The ambiguity function is a mathematical representation used primarily in signal processing and radar systems to analyze and resolve the properties of signals, particularly in relation to time and frequency. It provides a way to describe how a signal correlates with itself at different time delays and frequency shifts.
A Craft Identification Number (CIN) is a unique identifier used to recognize specific vessels or crafts, particularly in the context of maritime activities. This number helps in tracking, registration, and identification of boats and ships within regulatory frameworks. In many countries, the CIN may be issued by a governing maritime authority and is often required for safety and compliance purposes. It can include details about the type of vessel, size, owner information, and other specifications.
The International Maritime Organization (IMO) number is a unique identification number assigned to ships and other maritime vessels. This number is assigned by the IMO and is designed to enhance maritime safety, security, and environmental protection by providing a way to track the history of a vessel throughout its operational life. The IMO number is a seven-digit number that is permanently assigned to a ship and does not change, even if the ship is sold or its name is changed.
The Naval Registry Identification Number (NRIN) is a unique identifier assigned to naval vessels and other maritime assets. It is used for tracking, registration, and identification purposes within various maritime registries. The NRIN facilitates the management of naval records, ensuring that each vessel can be uniquely identified and differentiated from others. In many cases, similar identifiers exist, such as the International Maritime Organization (IMO) number, which is widely used for commercial vessels.

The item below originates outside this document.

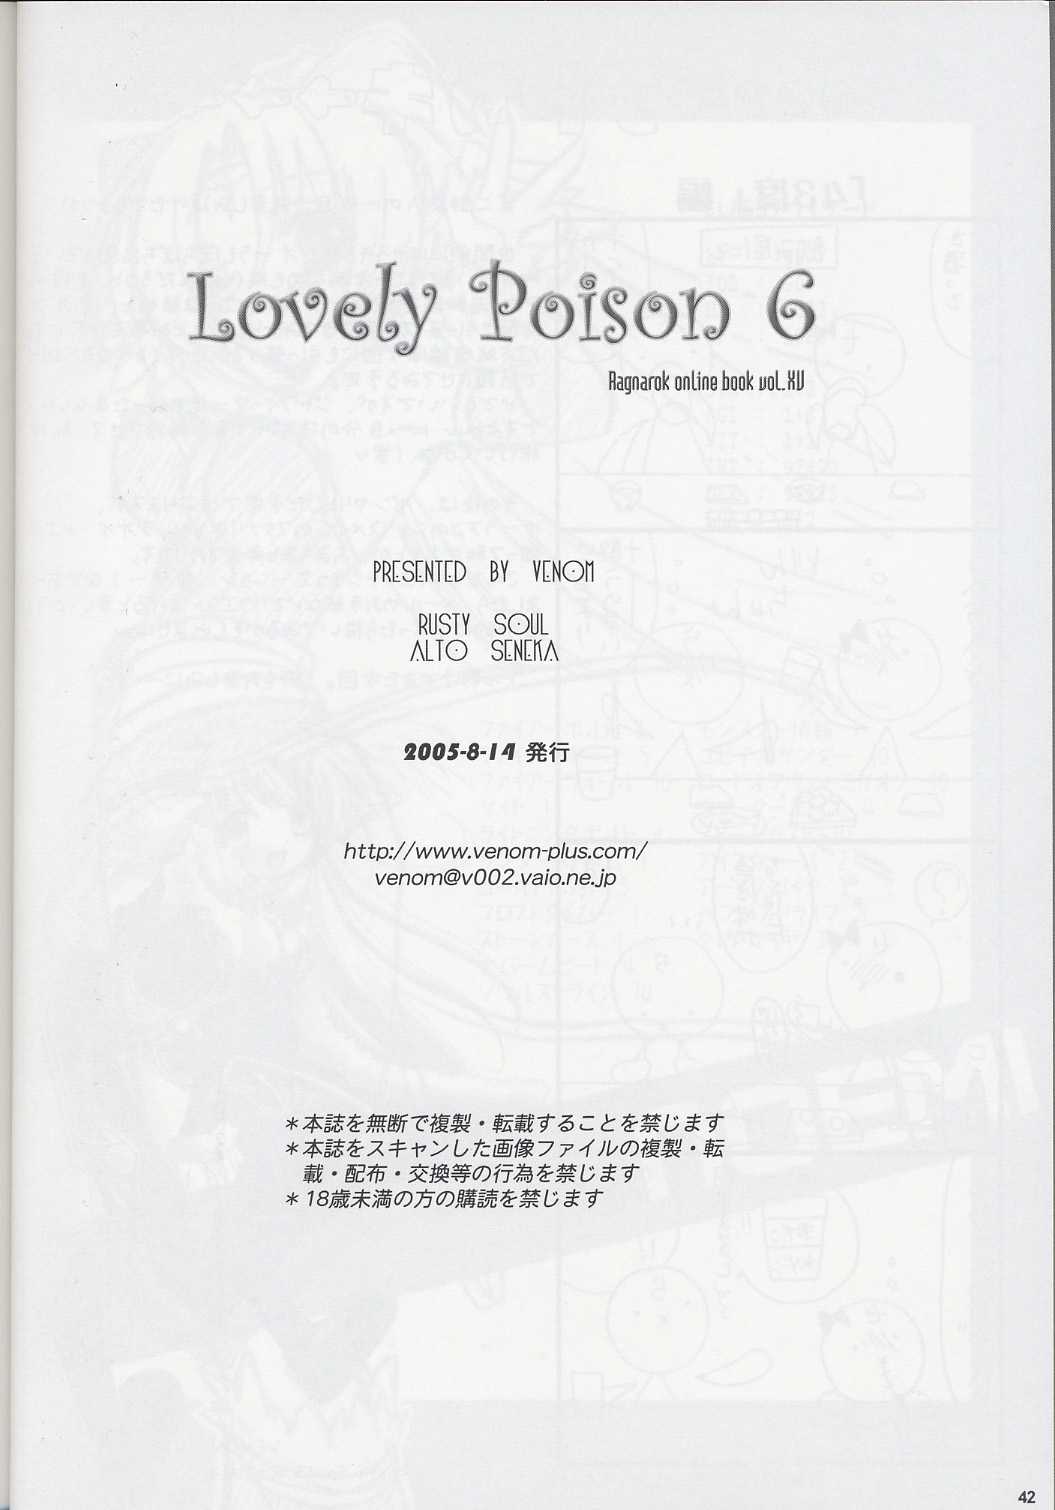 [VENOM] Lovely Poison 6

The Rendleman–Bartter model, developed by Dale Rendleman and William Bartter in the early 1980s, is a financial model used to estimate the term structure of interest rates, particularly for zero-coupon bonds. This model is part of the broader class of term structure models, which seek to explain how interest rates vary with different maturities of debt instruments.
Radar signal processing is a crucial aspect of radar systems that involves the manipulation and analysis of radar signals for the purpose of detecting, tracking, and identifying objects such as aircraft, ships, weather patterns, and more. The primary goal of radar signal processing is to extract meaningful information from the raw radar signals received from the environment, which can be noisy and cluttered.
Signal processing filters are essential tools in digital signal processing (DSP) used to manipulate or modify signals. These filters allow for the separation, enhancement, or suppression of specific frequency components of a signal, making them invaluable in various applications, including audio processing, communications, and image processing. ### Types of Filters 1. **Linear Filters**: - **FIR (Finite Impulse Response) Filters**: These filters have a finite duration impulse response.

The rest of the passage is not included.